Your goal: Pictures must not appear in the copy. Reproduce exactly, and only, the lines from the one with "Crockery and cutlery" through the end of the data below.

Source records
════════
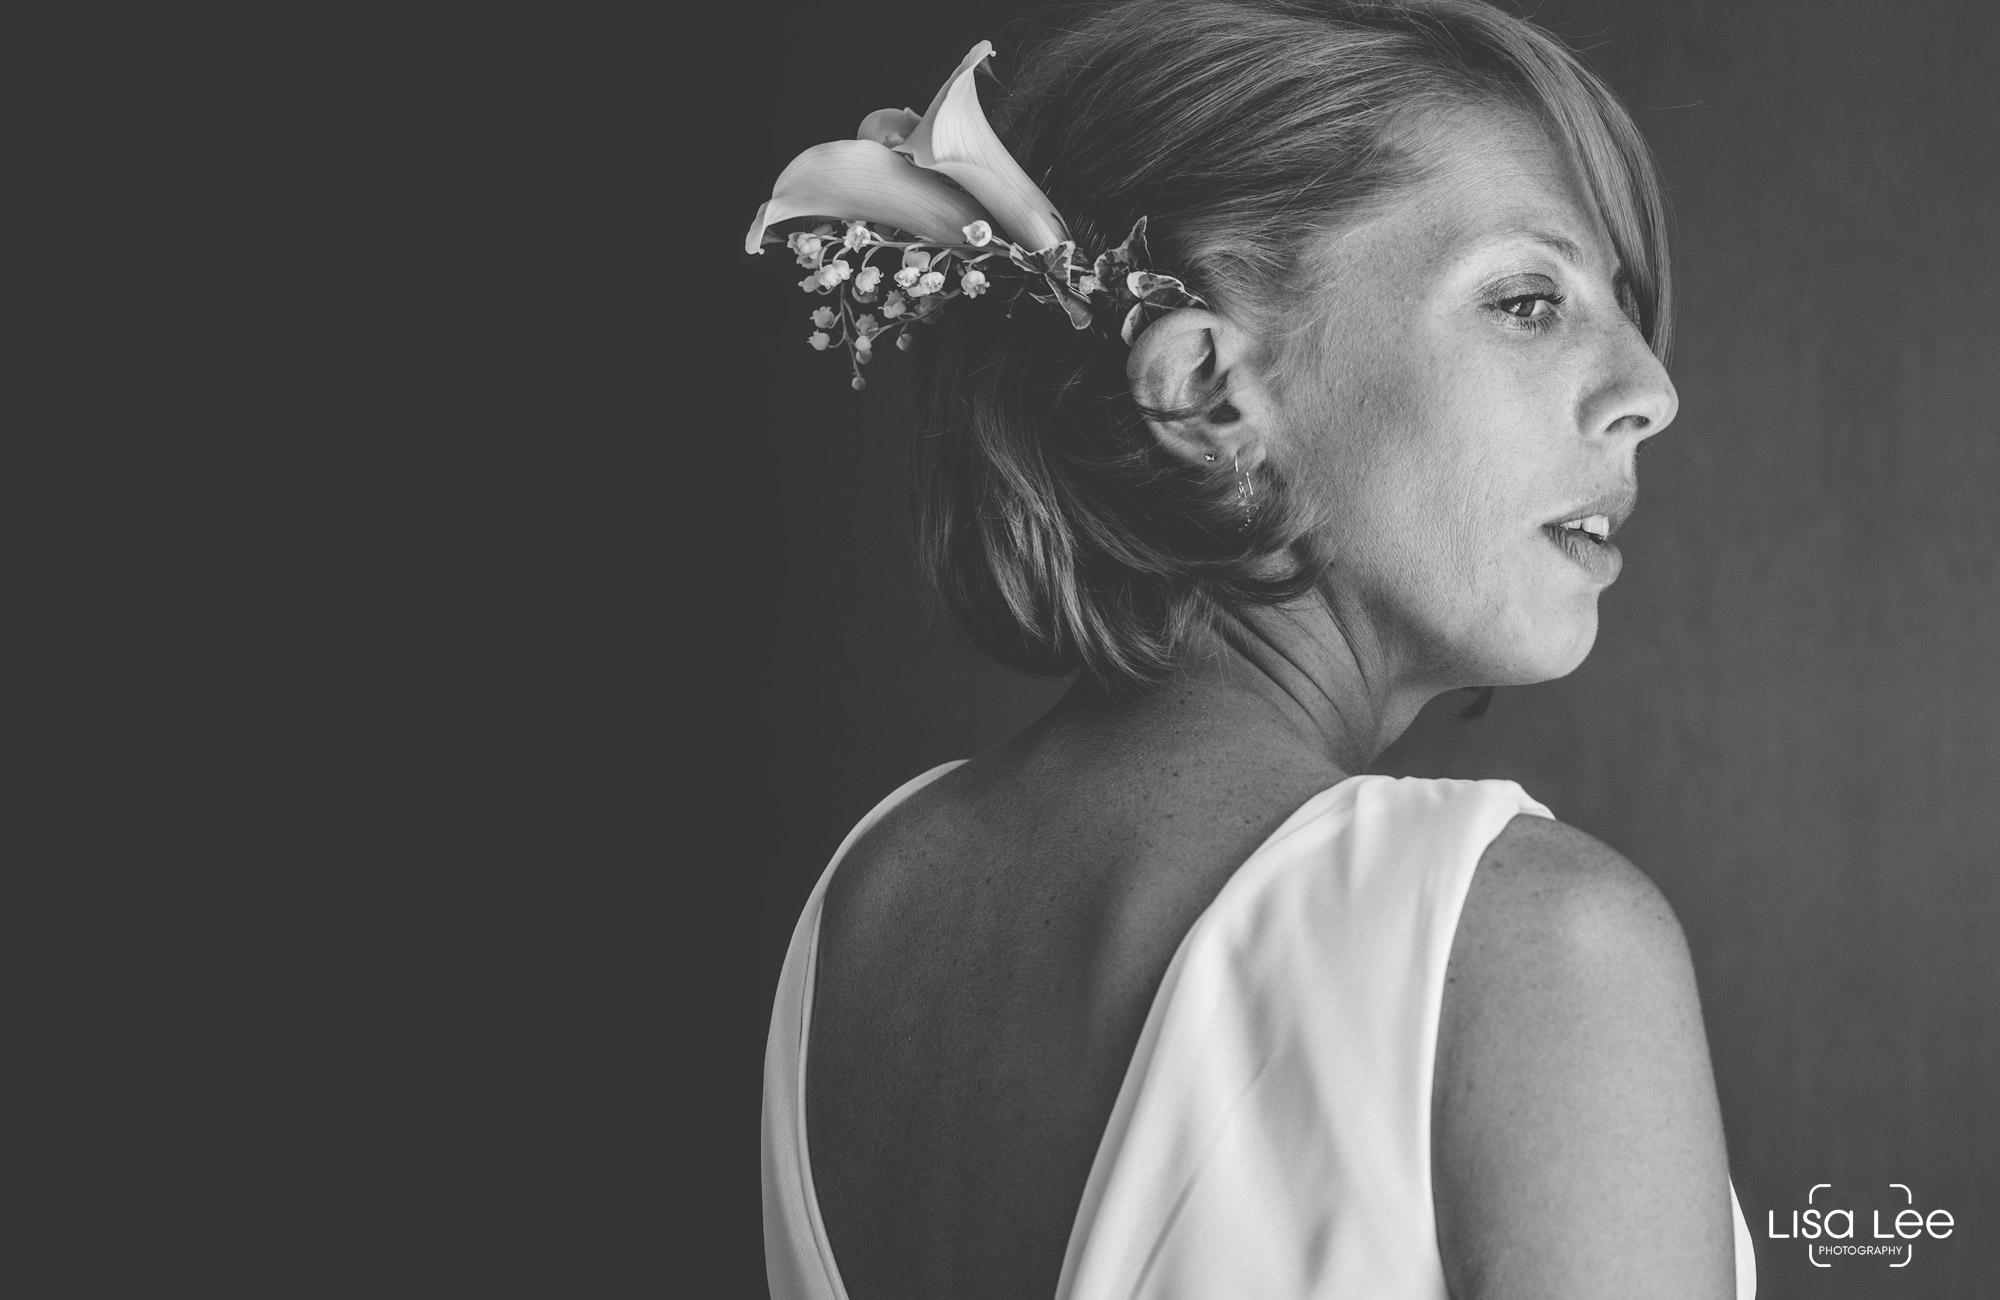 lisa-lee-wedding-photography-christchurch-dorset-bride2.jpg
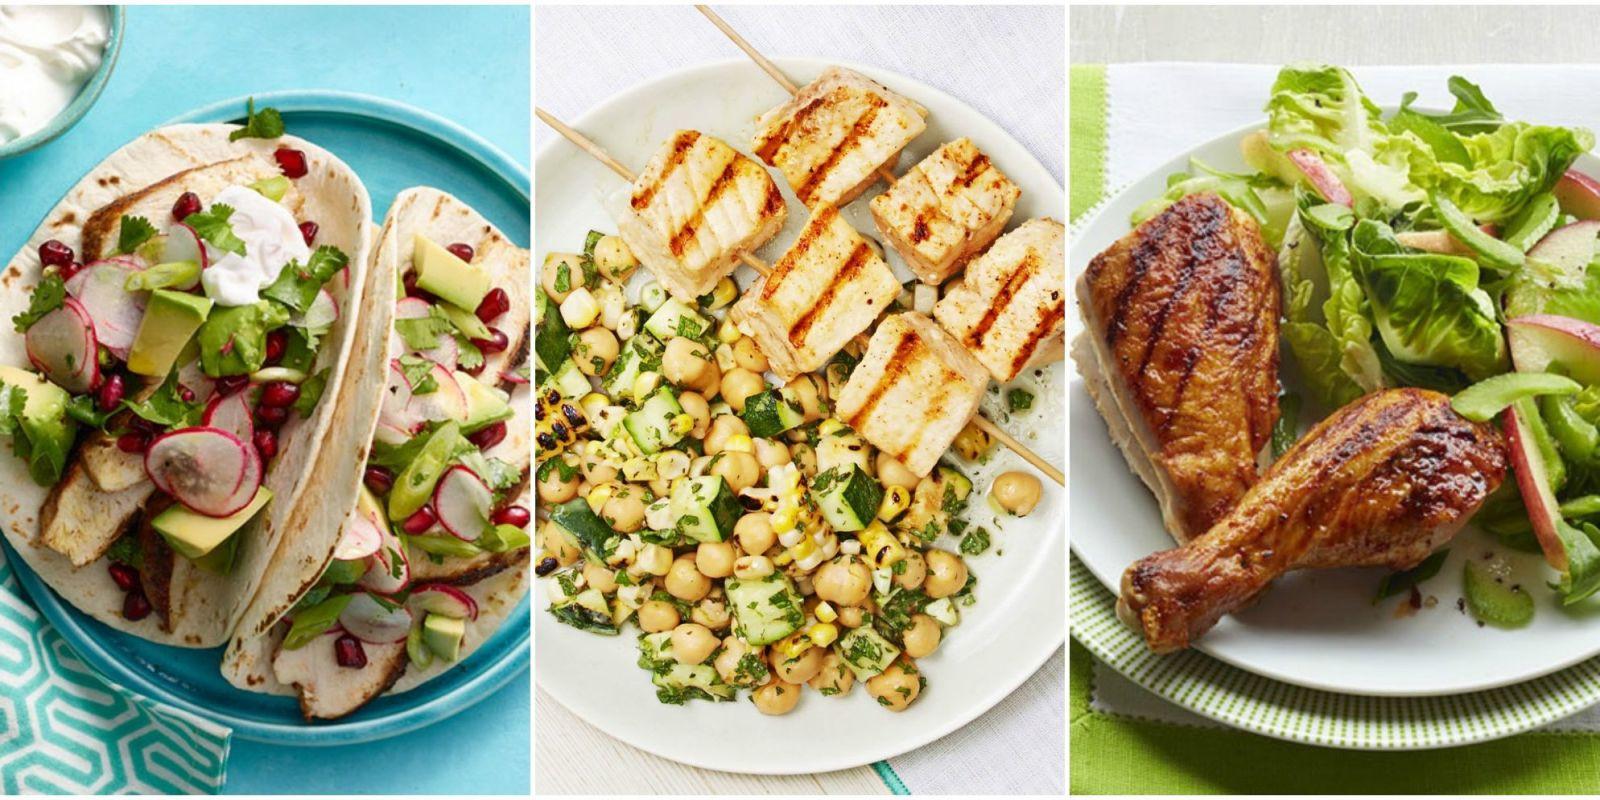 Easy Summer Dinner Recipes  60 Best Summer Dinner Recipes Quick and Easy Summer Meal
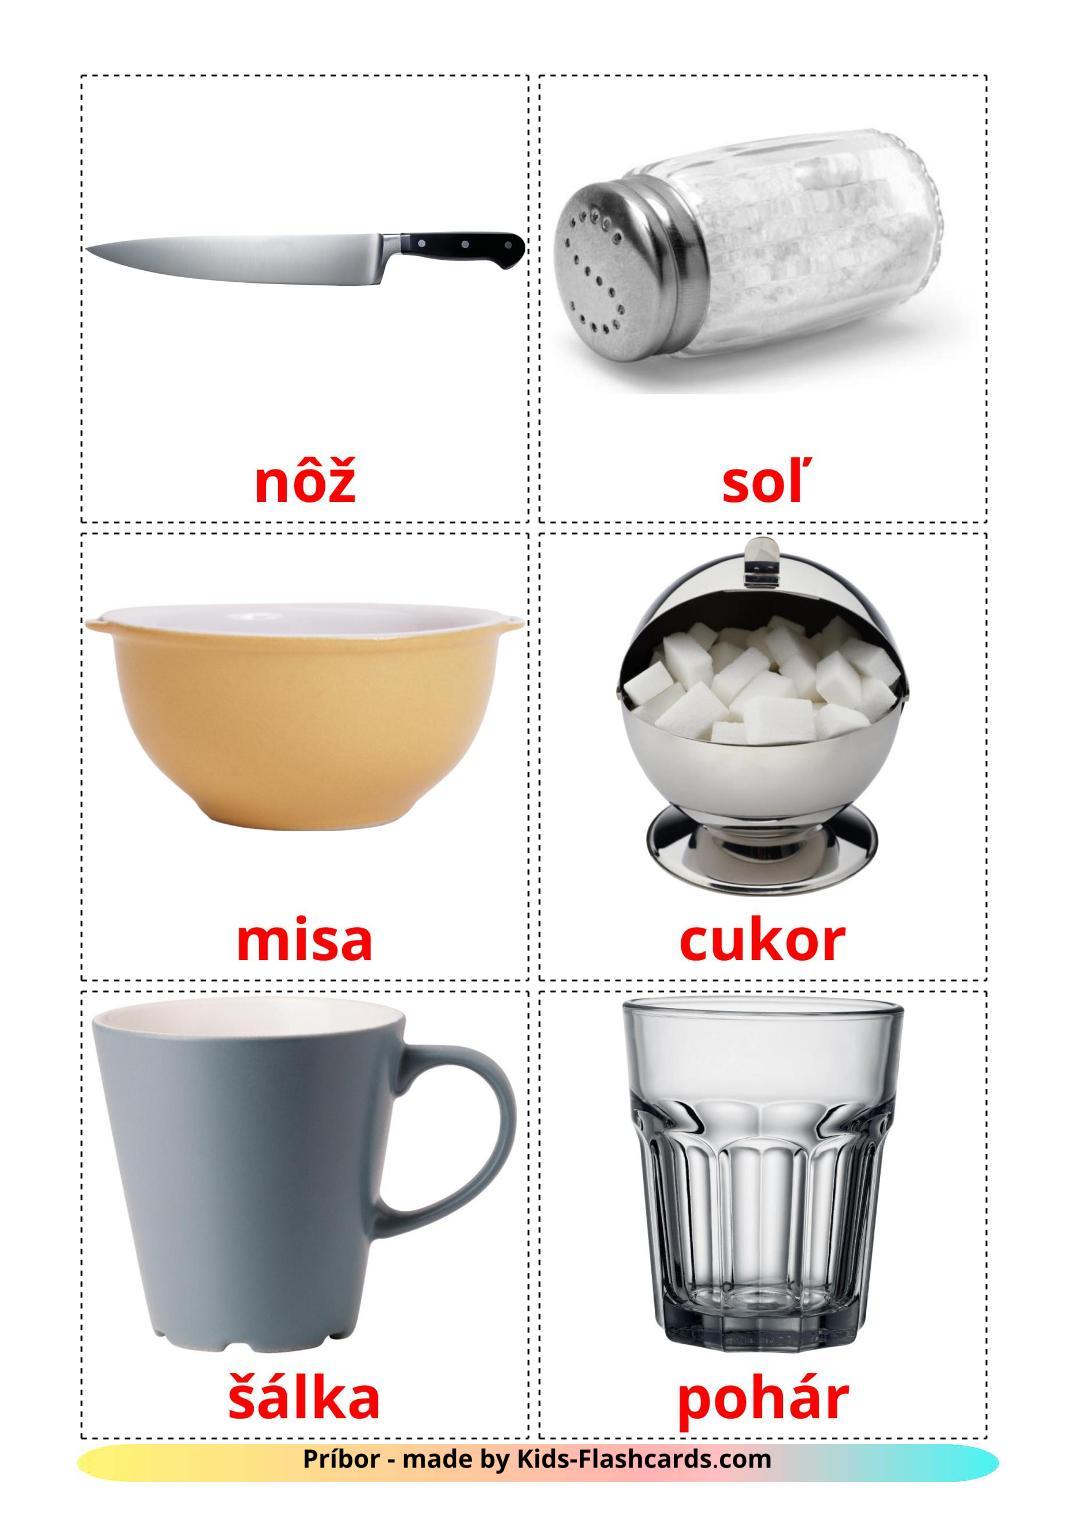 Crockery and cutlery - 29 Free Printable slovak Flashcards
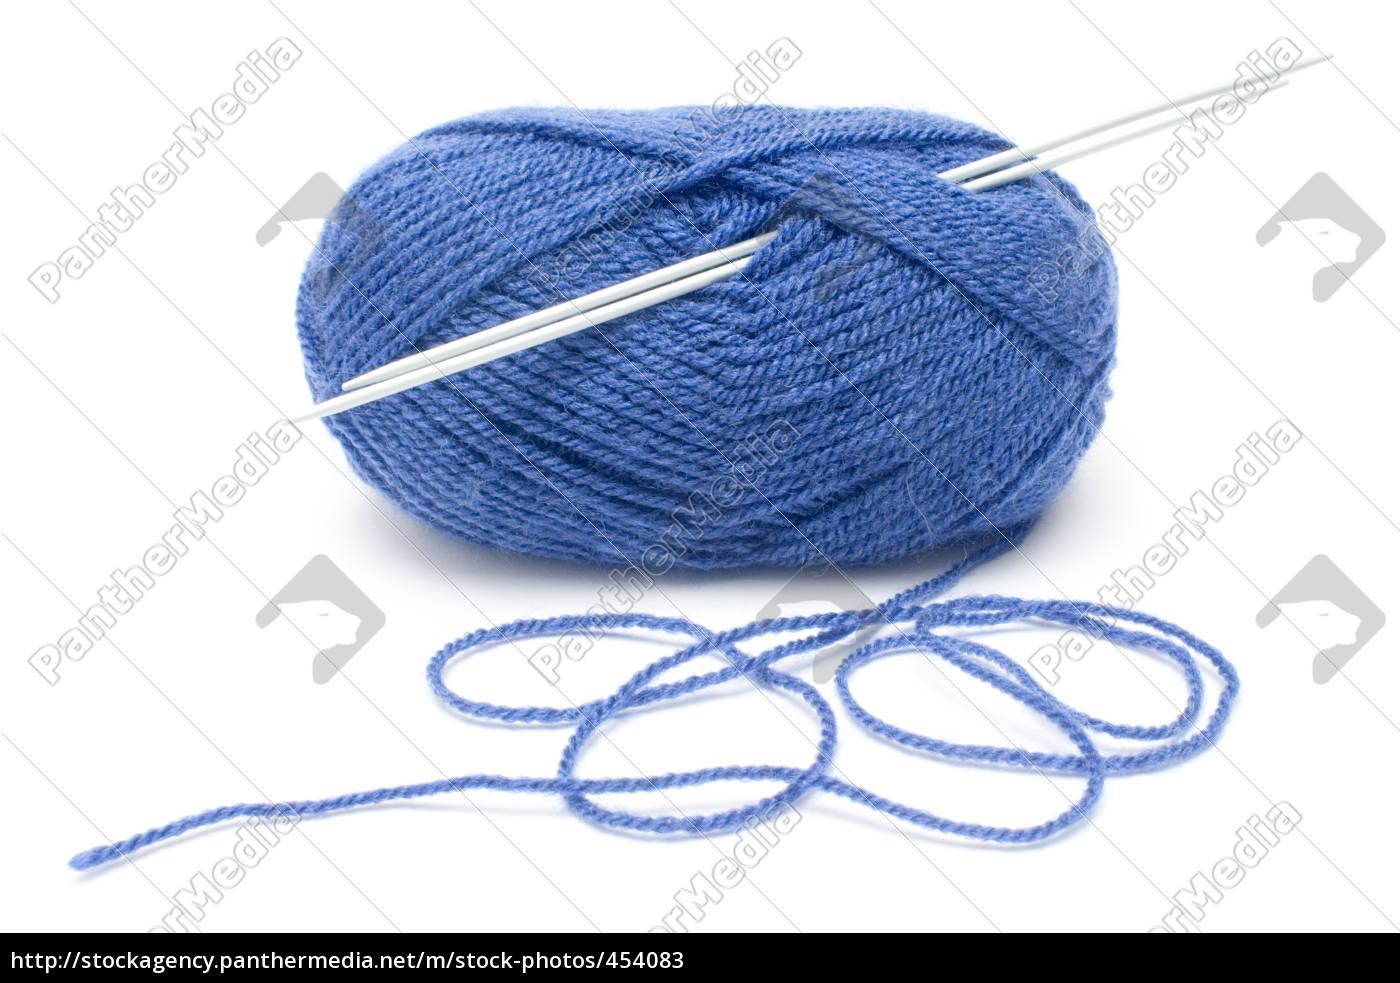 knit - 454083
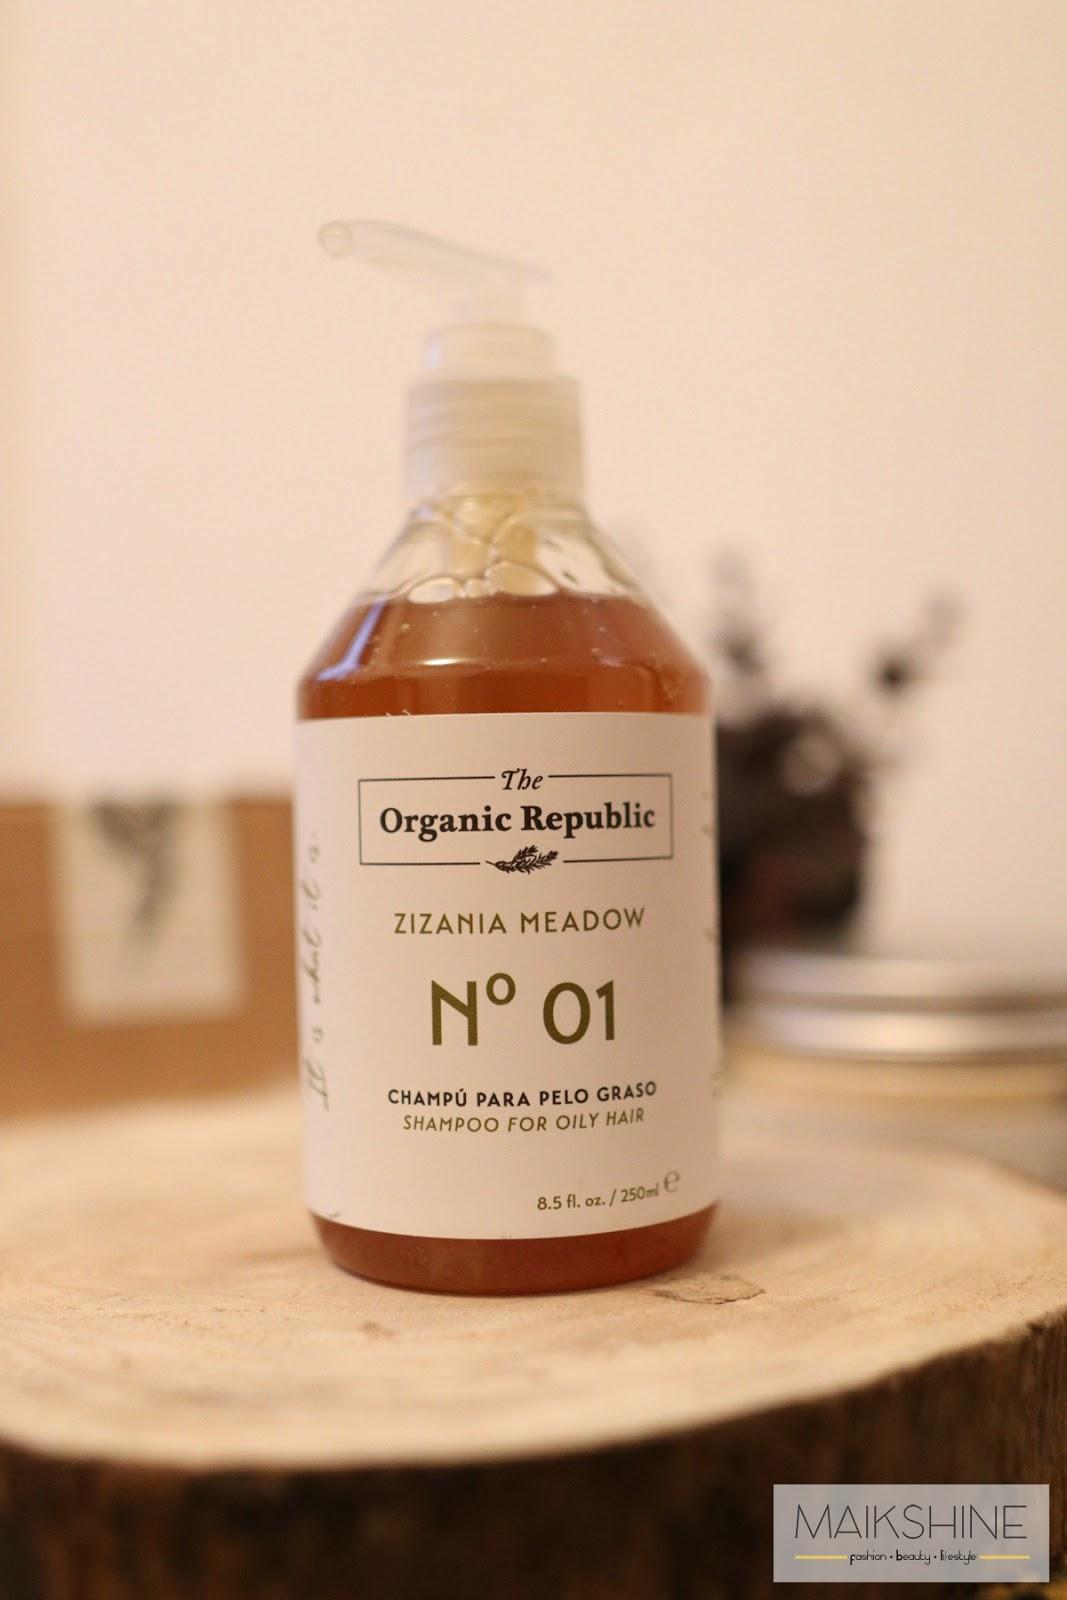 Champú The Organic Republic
════════
Answer for the task:
 Crockery and cutlery - 29 Free Printable slovak Flashcards
 knit - 454083
 Champú The Organic Republic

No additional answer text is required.